在实际的 RSA 加密中，人们往往会把信息分解成 smaller chunks，然后再对每个 chunk 进行加密，这样的操作有两个原因：

performance：即使我们只有 1k 的文本，转换成数字也有 2000-3000 个 digits，这是一个很大的数字。
满足 restriction 𝑚≤𝑛，我们必须保证这个信息是 unique representation of modulo n。With binary data, choose the largest power of two less than 𝑛.

3. RSA 加密举例

比如，p = 5563，q = 8191，n = 5563 x 8191 = 45,566,533，message = “hello world”。
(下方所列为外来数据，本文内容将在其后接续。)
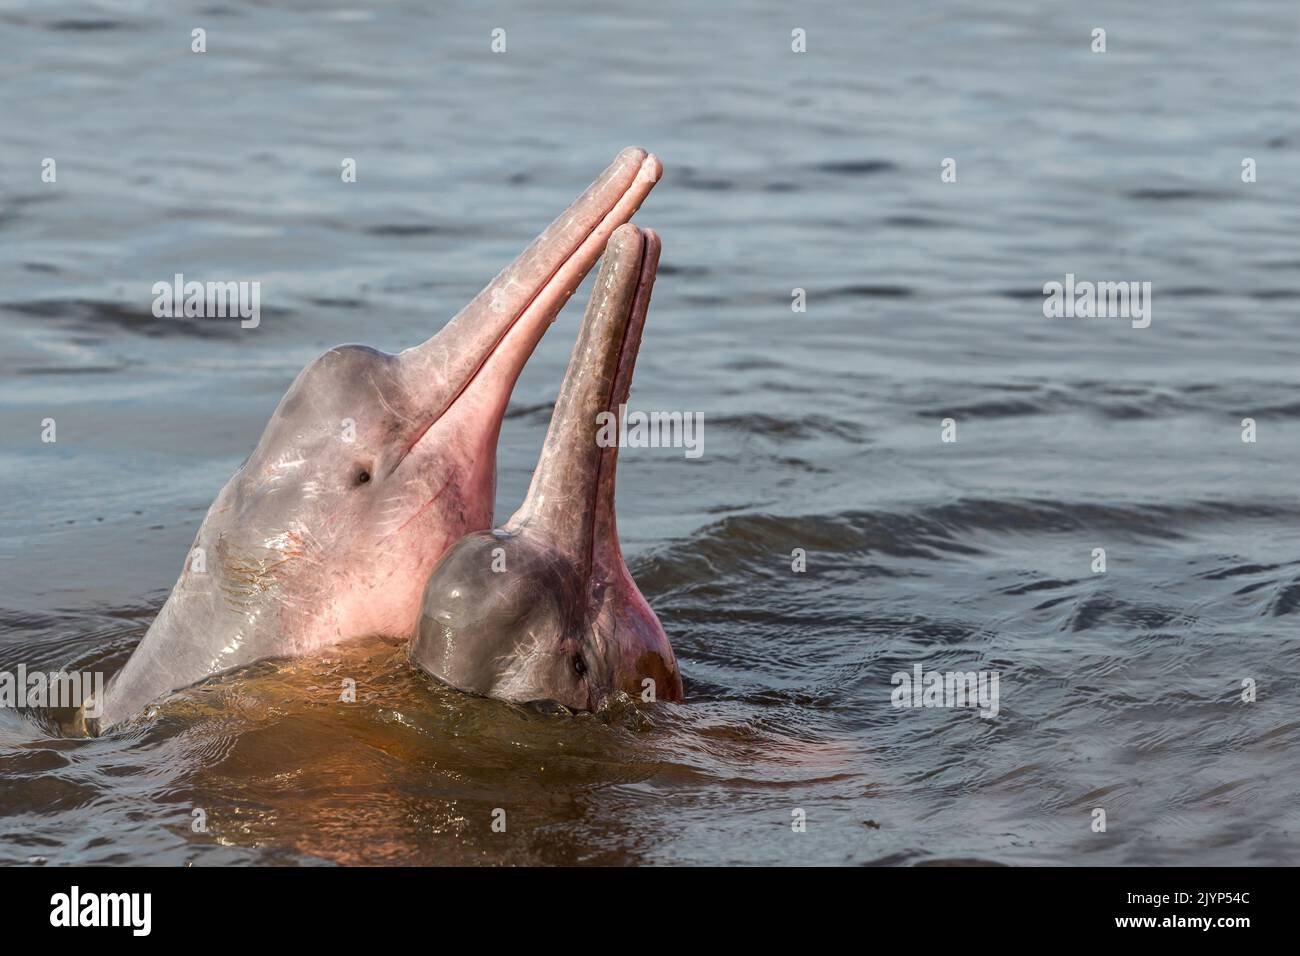 Amazon River Dolphin, Pink River Dolphin or Boto (Inia geoffrensis) , Two wild animals in tannin-rich water , extremely rare picture of wild animals spyhopping ,Threatened species (IUCN Red List), along Rio Negro, Amazon river basin, Amazonas state, Manaus, Brazil, South America Stock Photo

To keep the integer value of our chunks less than 𝑚, we will divide up our word into chunks that use less than the number of bytes needed to represent 𝑛.

我们可以用 bit_length method 来得到这个值，然后除以 8 得到 number of bytes，因为每个 character 都能用一个 byte 来表示，所以 number of bytes = number of characters。

Conveniently, this lets us simply break the message up into chunks of n characters and convert the hexadecimal representation of each chunk into an integer.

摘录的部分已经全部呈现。